Image OCR to Markdown

Extract text from images using OCR (Optical Character Recognition).

# Local engine — requires tesseract installed on system
any2md photo.png -o text.md
any2md screenshot.jpg -o extracted.md

# Cloud engine — requires OPENAI_API_KEY env var
export OPENAI_API_KEY=sk-...
any2md scan.tiff --engine cloud -o text.md

Supported formats: .png, .jpg, .jpeg, .tiff, .bmp, .webp

Local engine (default):

  • Calls the tesseract command-line tool (must be installed separately)
  • Language: English by default (eng)
  • If tesseract is not found, shows installation instructions:
    Error: Tesseract not found. Install it:
    brew install tesseract (macOS) or apt install tesseract-ocr (Linux)
    

Cloud engine (--engine cloud):

  • Sends the image to OpenAI's GPT-4o vision model
  • Requires OPENAI_API_KEY environment variable
  • Maximum file size: 20MB
  • Better accuracy on complex layouts, handwriting, and non-English text

Output: Plain paragraphs of extracted text (no structure detection in v1 — headings, tables, and lists are not detected from images).


Audio to Markdown

Transcribe audio files or live microphone input to Markdown with timestamped speaker sections.

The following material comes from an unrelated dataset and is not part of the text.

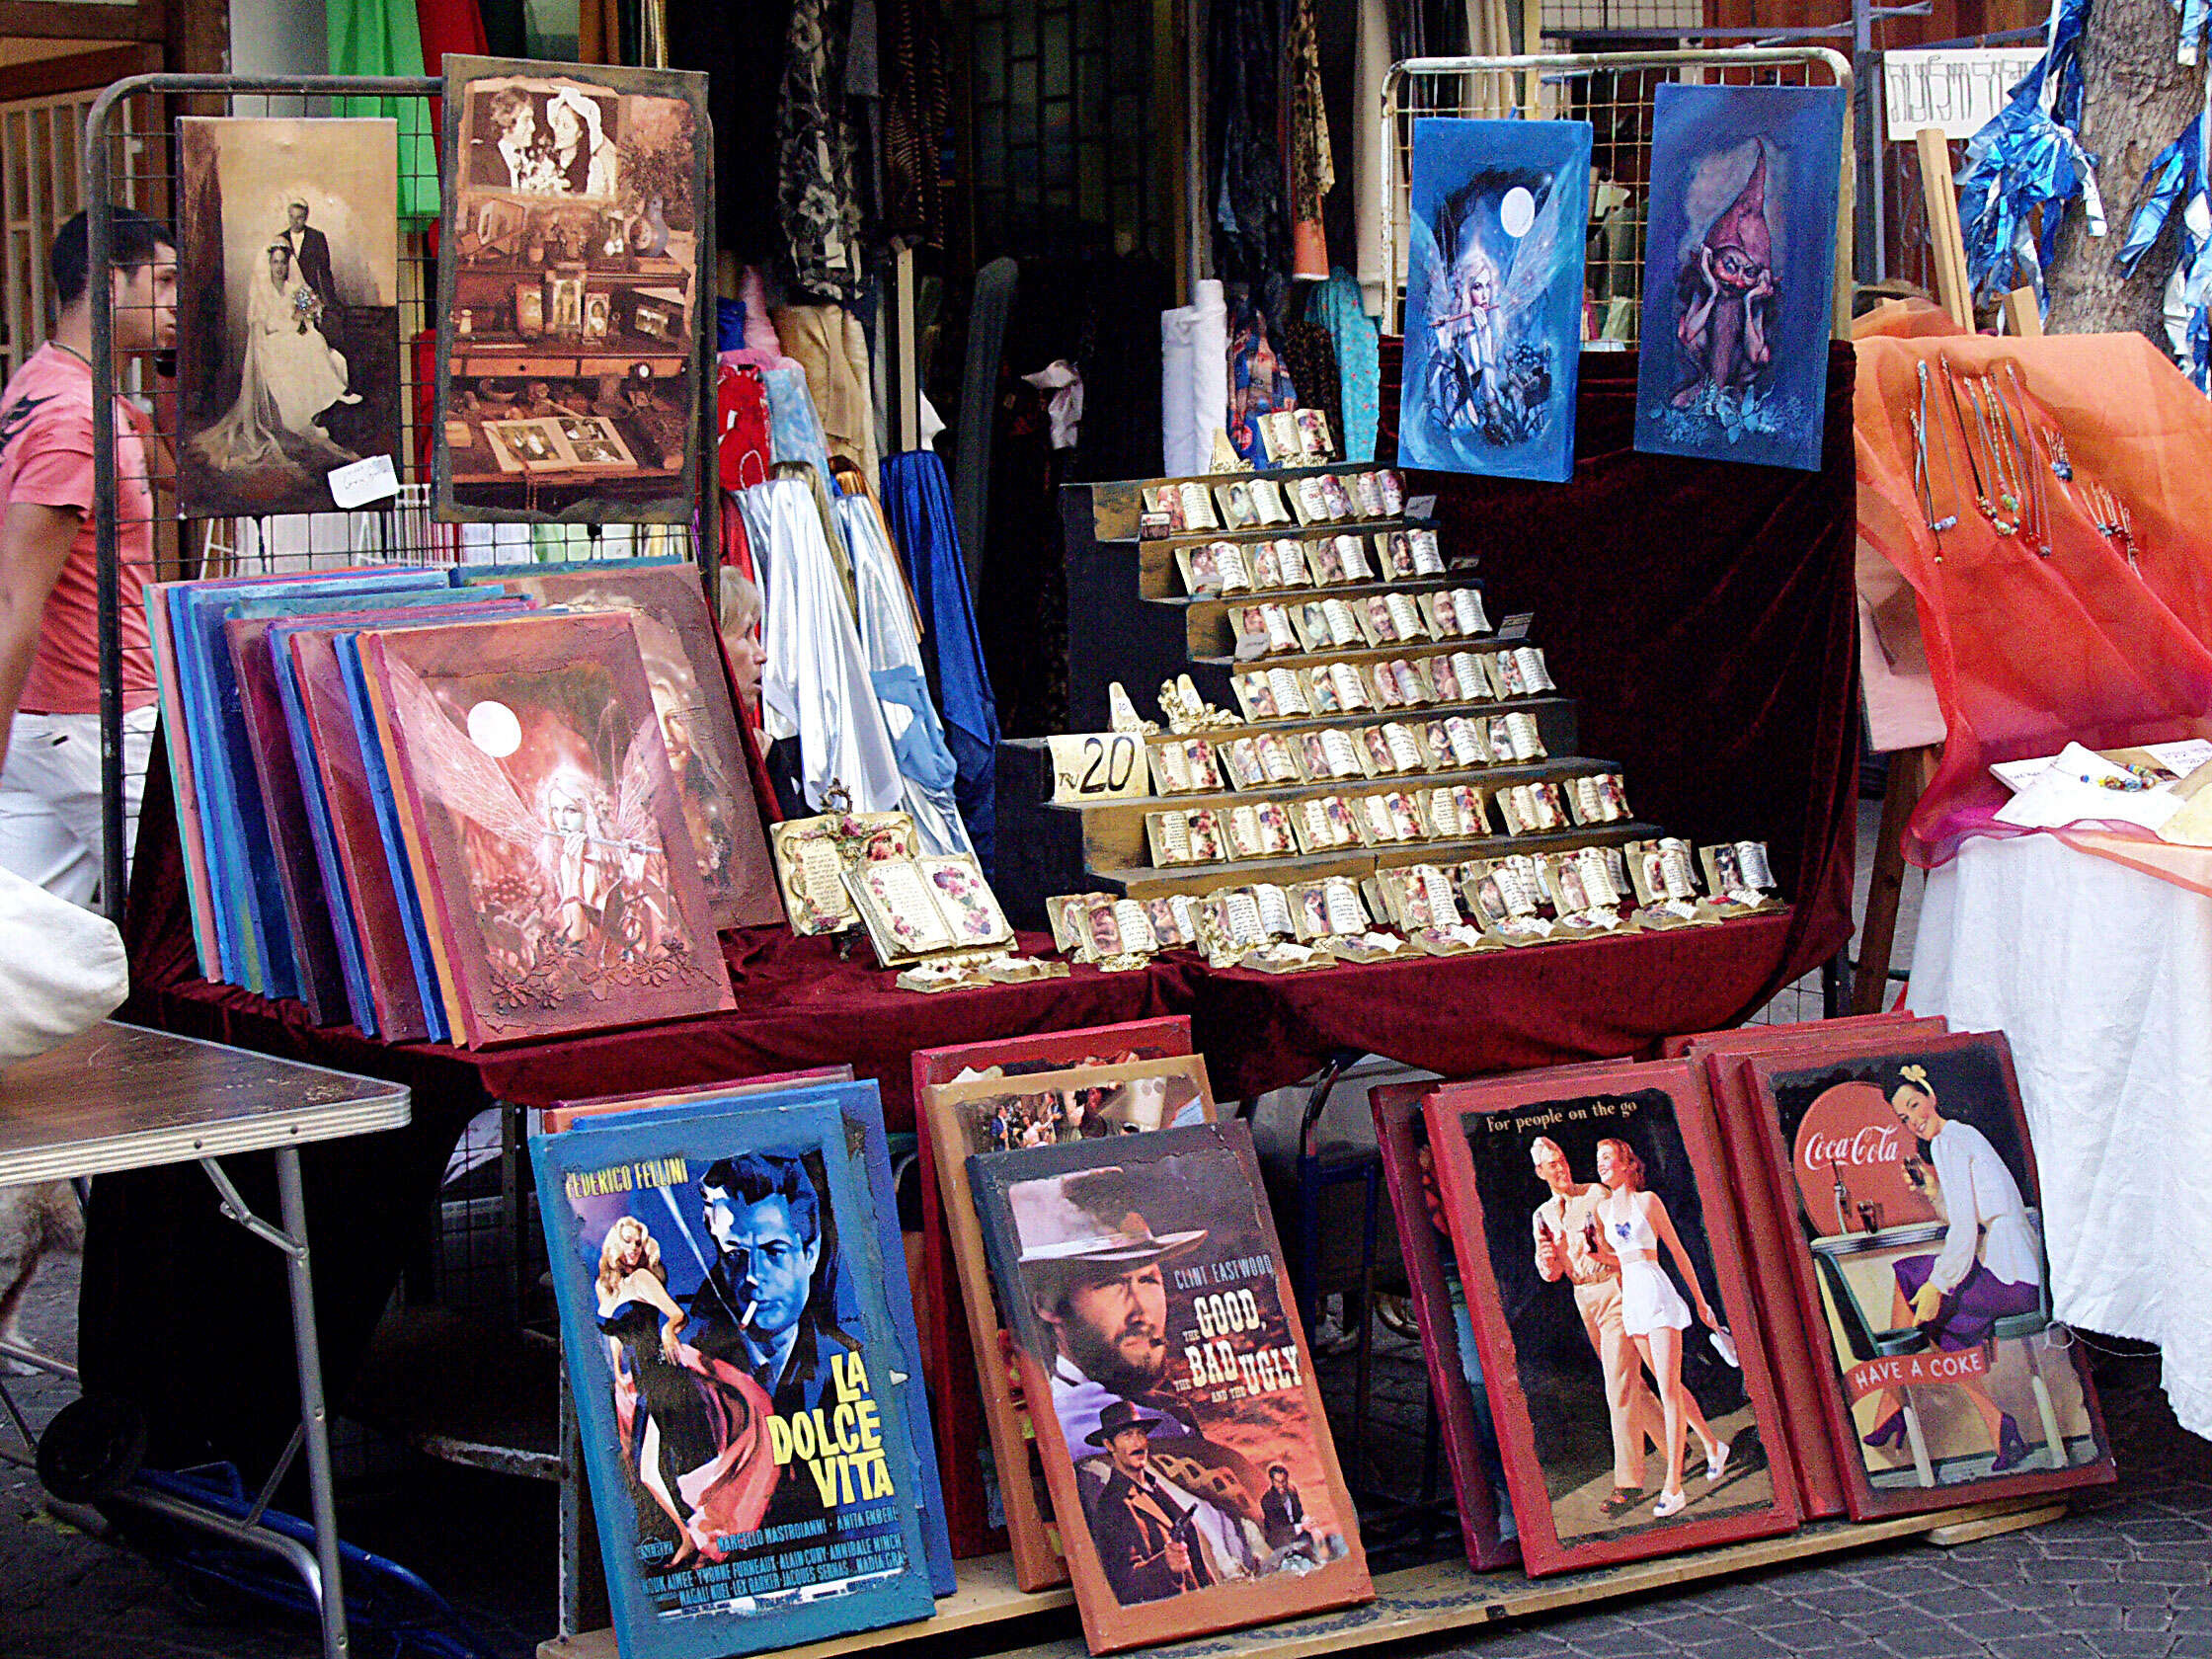 A great local shopping areat, Nahalat Binyamin Market

# Transcribe an audio file with local Whisper engine
any2md --audio recording.mp3 -o notes.md
any2md --audio lecture.wav -o lecture.md
any2md --audio podcast.m4a -o transcript.md

# Transcribe with OpenAI cloud engine
export OPENAI_API_KEY=sk-...
any2md --audio meeting.wav --engine cloud -o meeting.md

# Use a custom Whisper model
any2md --audio recording.mp3 --model ~/models/ggml-large.bin -o notes.md

# Live microphone recording
any2md --audio --live
# → Records until you press Enter
# → Transcribes and prints markdown to stdout

Supported audio formats: .wav, .mp3, .m4a, .ogg, .webm, .flac

Local engine (default):

  • Uses whisper.cpp via whisper-rs bindings
  • First run: Automatically downloads the Whisper base model (~148MB) to ~/.any2md/models/ggml-base.bin
  • Language: Auto-detected (supports 99 languages)
  • Custom model: Override with --model /path/to/ggml-model.bin (supports any GGML Whisper model)
  • No internet connection required after model download

Cloud engine (--engine cloud):

  • Uses OpenAI Whisper API (whisper-1 model)
  • Requires OPENAI_API_KEY environment variable
  • Faster processing, handles more formats

Live mode (--audio --live):

  • Records from default system microphone
  • Press Enter to stop recording (maximum: 1 hour)
  • Transcribes the recording and prints Markdown to stdout
  • Only works with local engine (not cloud)
  • Requires a working audio input device

Speaker detection:

  • Uses pause-based heuristic: a gap > 2 seconds between speech segments triggers a speaker change
  • Alternates between "Speaker 1" and "Speaker 2"
  • This is a simple heuristic, not real speaker diarization — it works best for two-person conversations

Output structure:

## [00:00 - 00:45] Speaker 1
Hello, welcome to the meeting. Today we'll discuss the roadmap for the next quarter.

## [00:45 - 01:20] Speaker 2
Thanks. I think we should prioritize the mobile app first, since most of our users are on mobile.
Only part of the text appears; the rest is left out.